Accountability

Get it right when you parachute in or risk getting dinged in the alternative press

Melissa Daugherty

This column is part of special wildfire report on the one-year anniversary of the North Complex Fire’s destruction of Berry Creek and Feather Falls. Find links for more articles in this series at the end of this piece.

It didn’t take long for the Dixie Fire to bring it all back: The anxiety, sleeplessness and, yes, a fair bit of irritability. I’m speaking for myself, a journalist who spent a lot of time in Paradise in the days, weeks and months after the Camp Fire torched the Ridge.

It’s hard to believe we’re approaching the third anniversary of that blaze, the deadliest and most destructive in state history. With two additional megafires in Butte County in as many years, it’s almost like the flames of the Camp Fire were never fully doused.

It doesn’t help that PG&E likely is responsible for igniting the Dixie. I’d say it opens old wounds, but the truth is that many fire victims are still healing. For one thing, most haven’t been compensated by the utility giant or come close to rebuilding their lives. For another, the brown-gray smoke enveloping the valley is a constant reminder of Nov. 8, 2018.

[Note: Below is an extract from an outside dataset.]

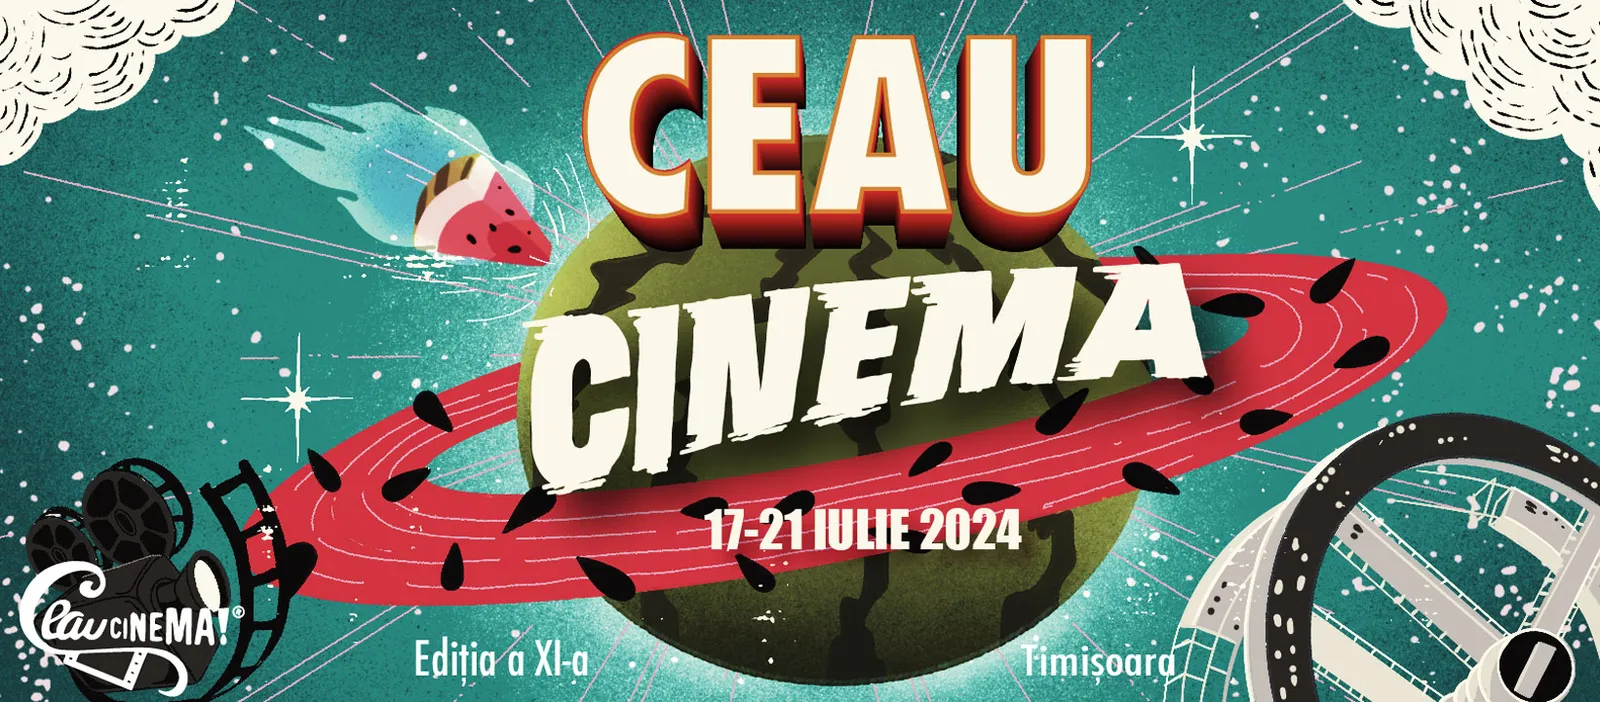 Festivalul de Film Ceau, Cinema! Ediția a 11-a

I’ve been counting down the days until fall, when what I really need to do is adjust to the fact that our fire season is now eight or so months of the year, starting in April. It ends when we get decent precipitation, and, as we know, rainfall is occurring later and with less frequency. Remember that the Camp Fire wasn’t fully squelched until December.

For people who were affected by any of the fires, especially those whose loved ones were killed, this is a long and excruciating season.

I didn’t lose anyone, but I’ve definitely been feeling blue. As I said, I’ve also been a bit cross. Like, the other day, when I fired off a heated email to a senior editor at the Bay Area News Group, the publishing group owned by the same hedge fund that owns the San Jose Mercury News and the Chico Enterprise-Record.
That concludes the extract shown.